### THE TASK
Restate the data word for word and leave the images out.

### SOURCE DATA
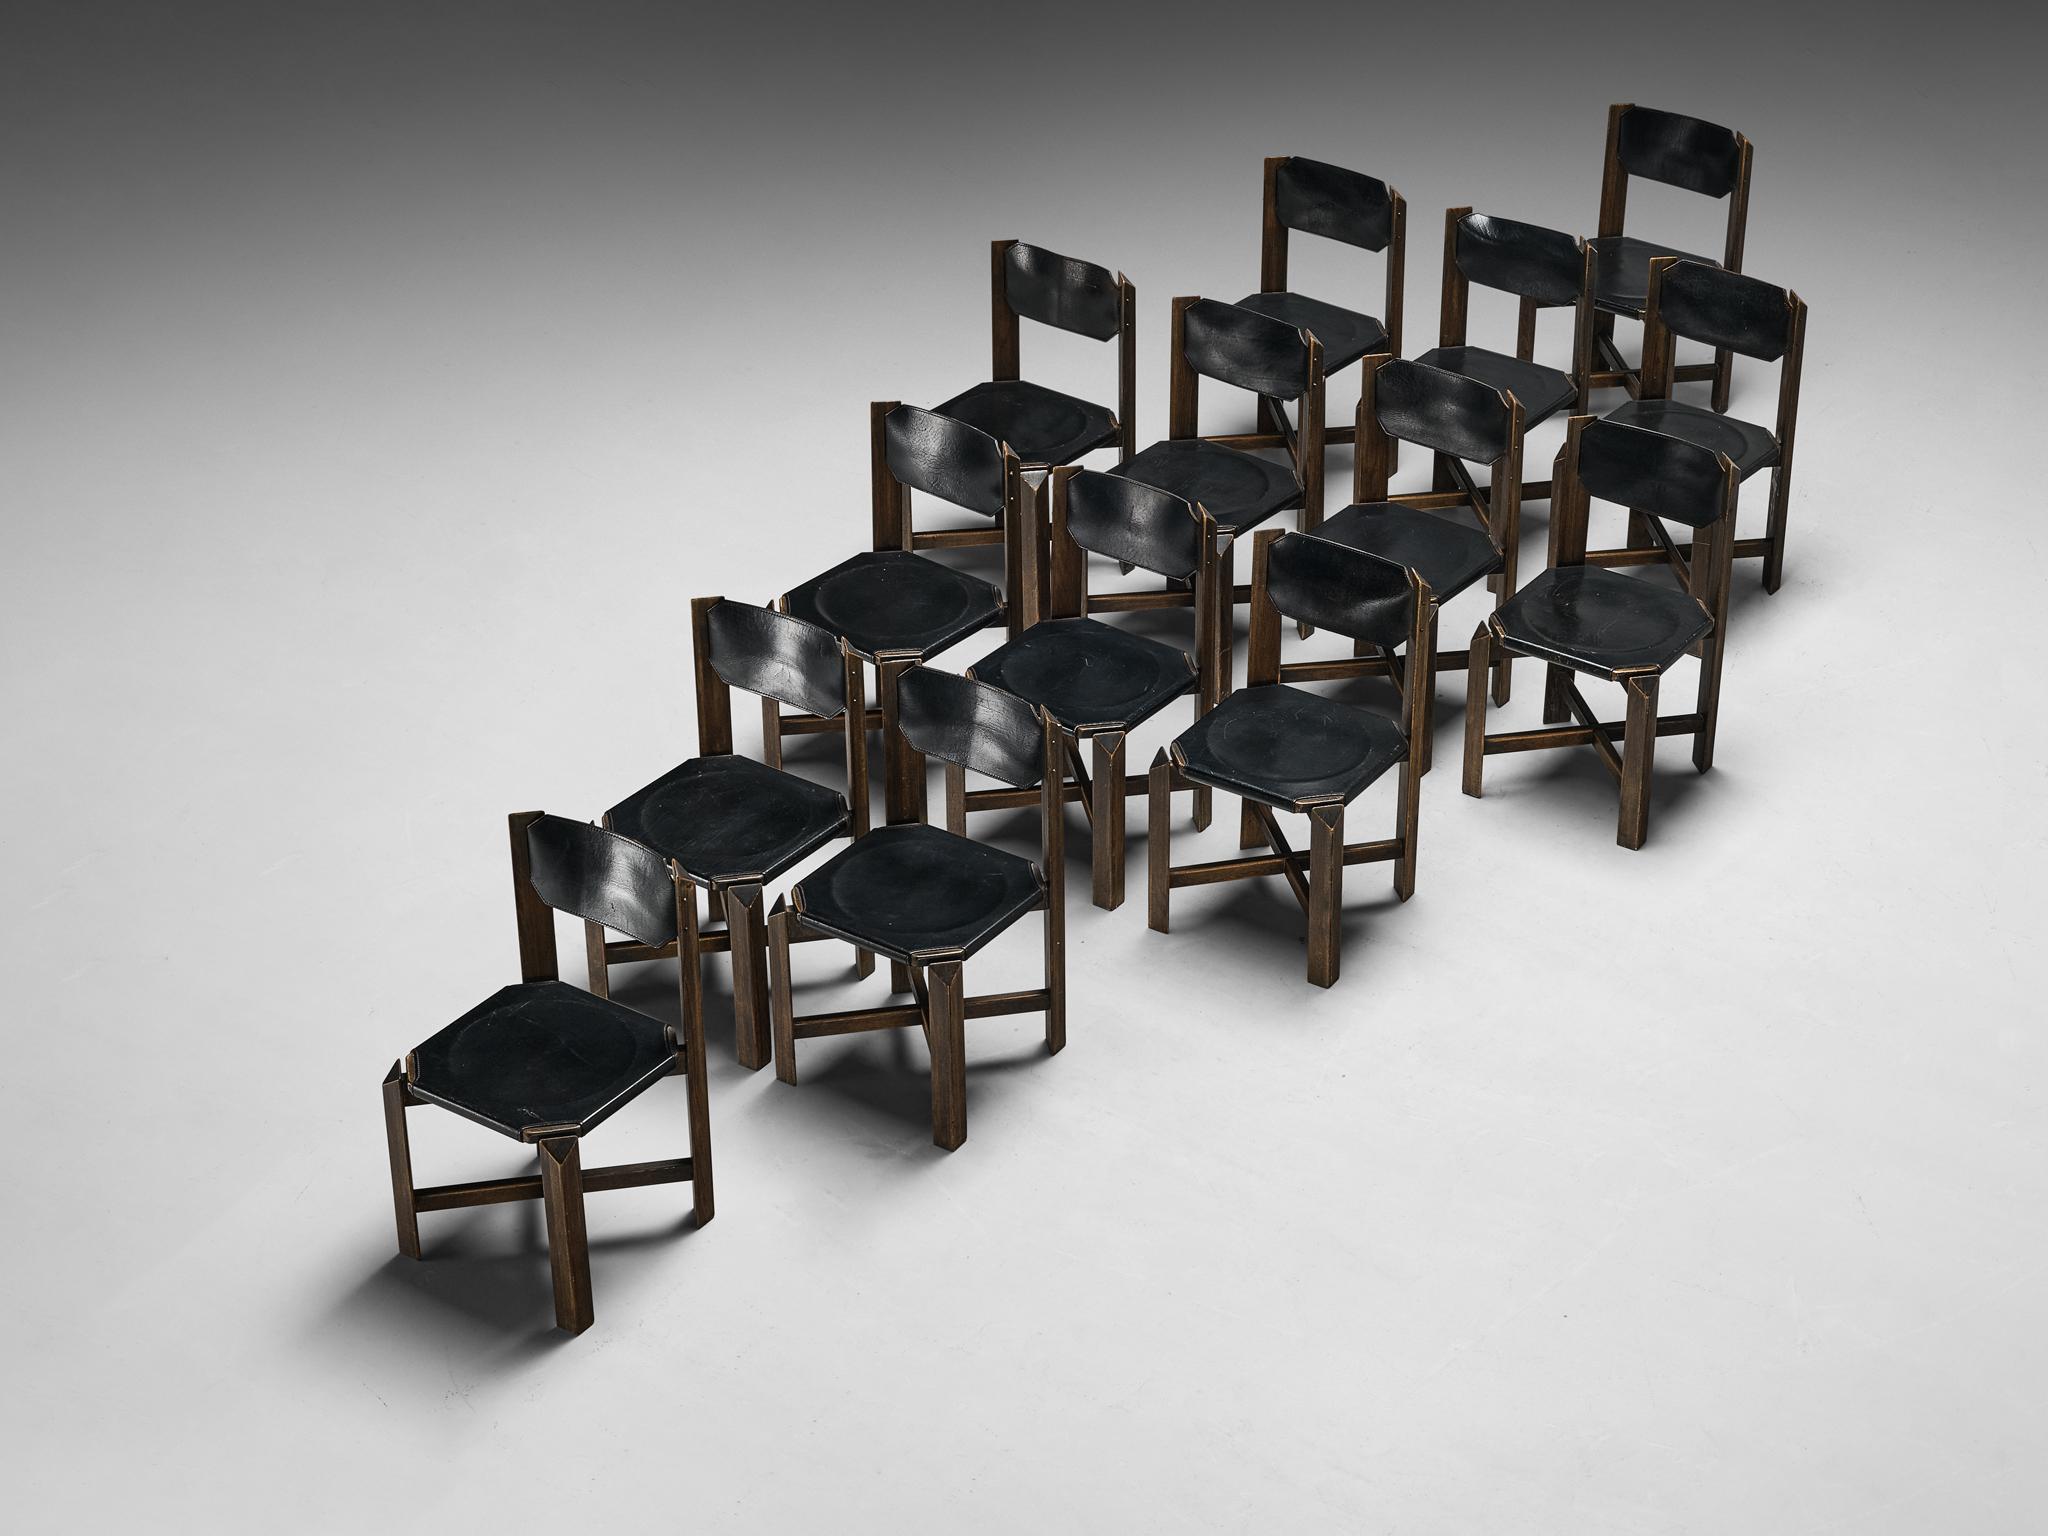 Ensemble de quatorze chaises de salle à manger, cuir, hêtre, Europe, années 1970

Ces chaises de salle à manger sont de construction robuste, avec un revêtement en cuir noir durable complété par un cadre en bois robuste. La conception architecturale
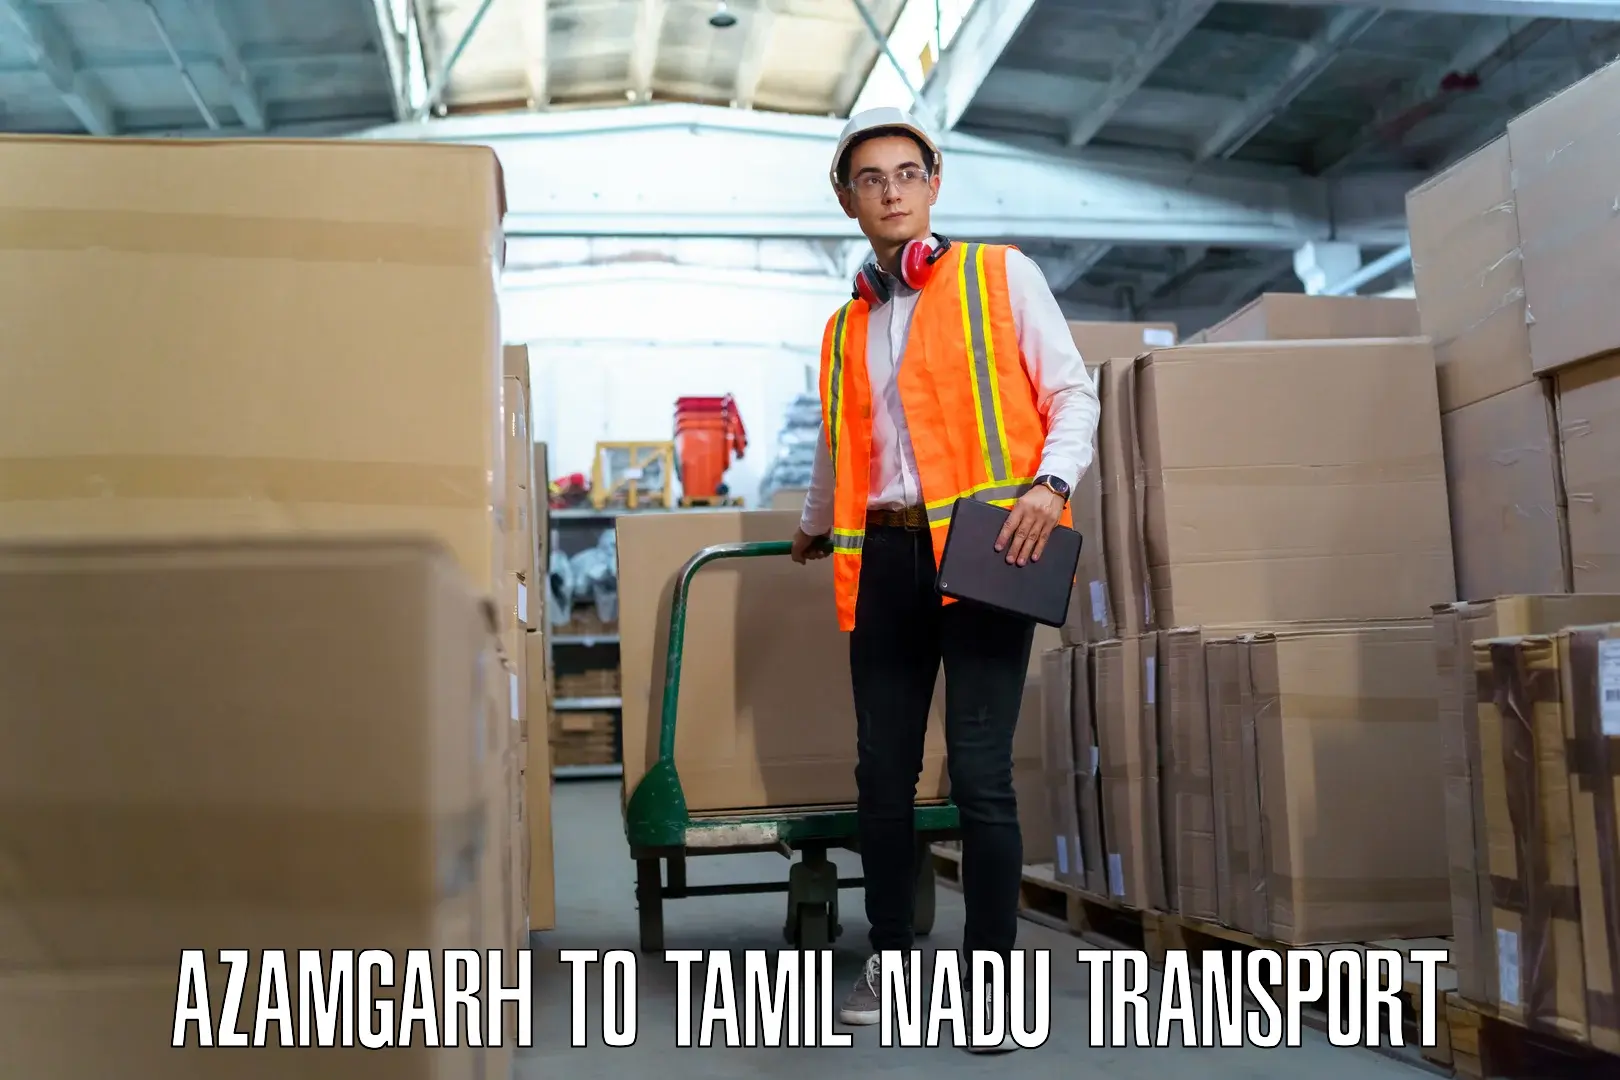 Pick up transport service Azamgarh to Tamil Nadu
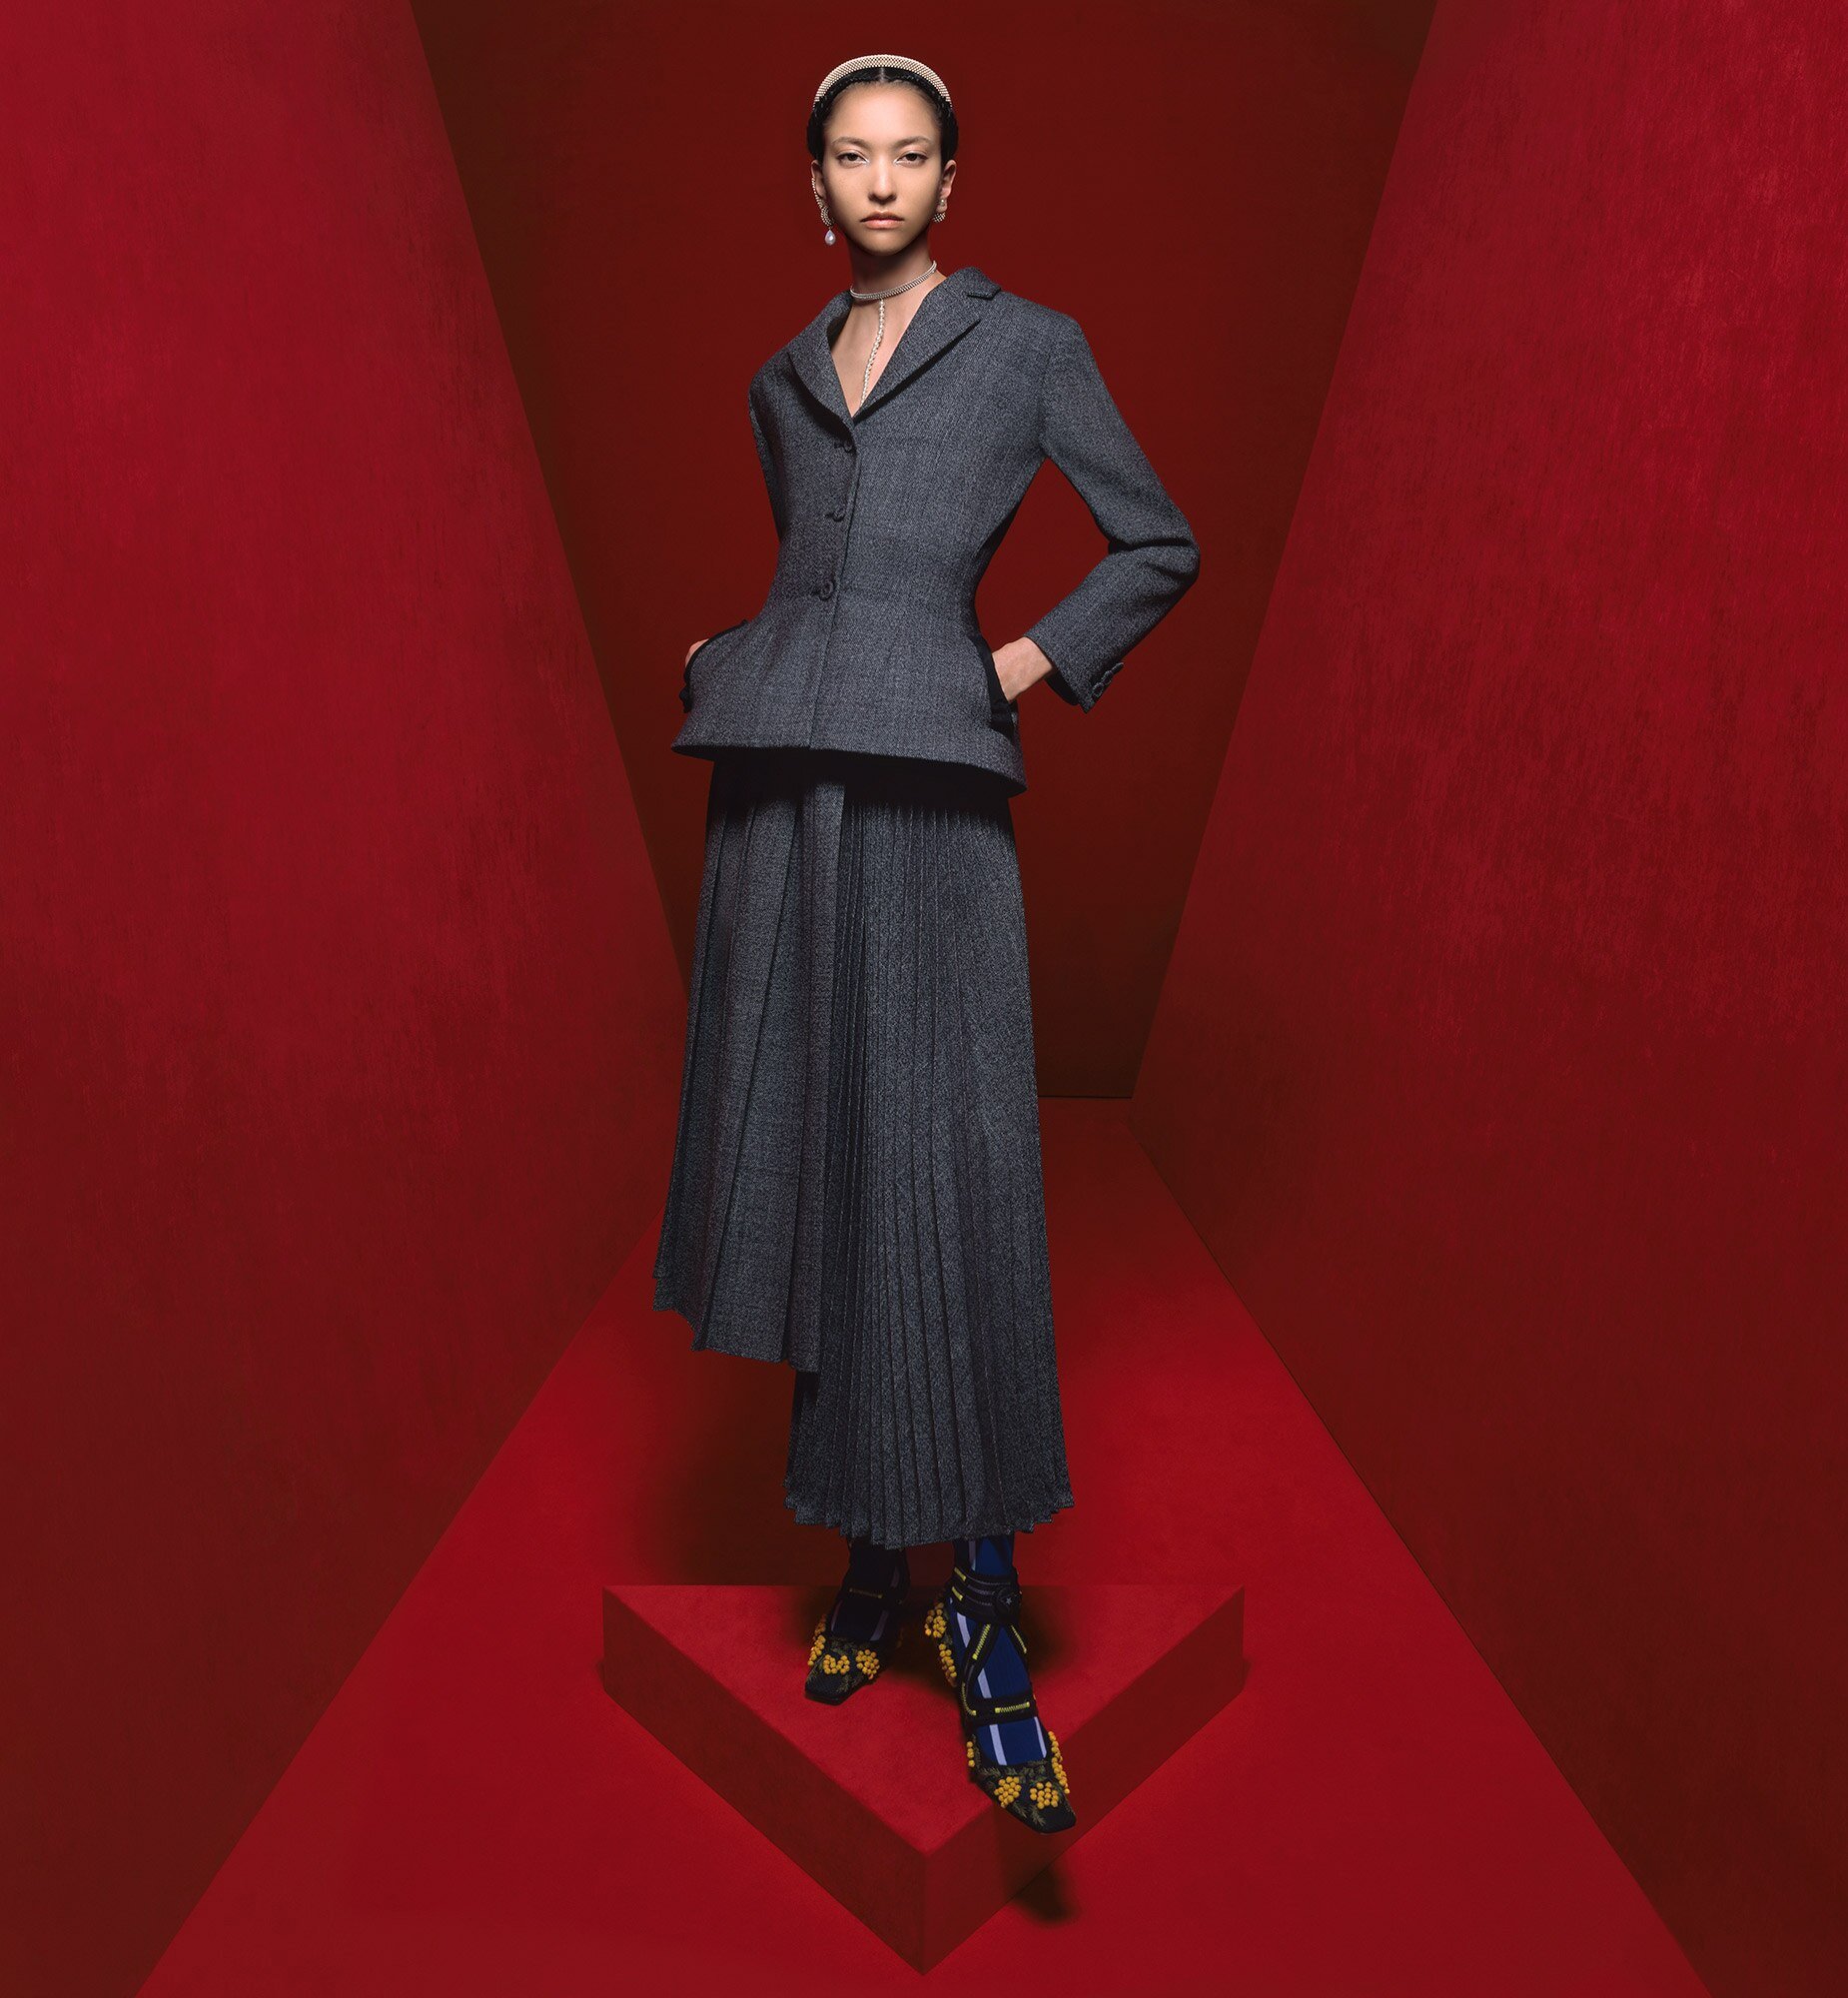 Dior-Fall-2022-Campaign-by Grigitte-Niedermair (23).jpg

### SOLUTION
 Ensemble de quatorze chaises de salle à manger, cuir, hêtre, Europe, années 1970

Ces chaises de salle à manger sont de construction robuste, avec un revêtement en cuir noir durable complété par un cadre en bois robuste. La conception architecturale
 Pick up transport service Azamgarh to Tamil Nadu
 Dior-Fall-2022-Campaign-by Grigitte-Niedermair (23).jpg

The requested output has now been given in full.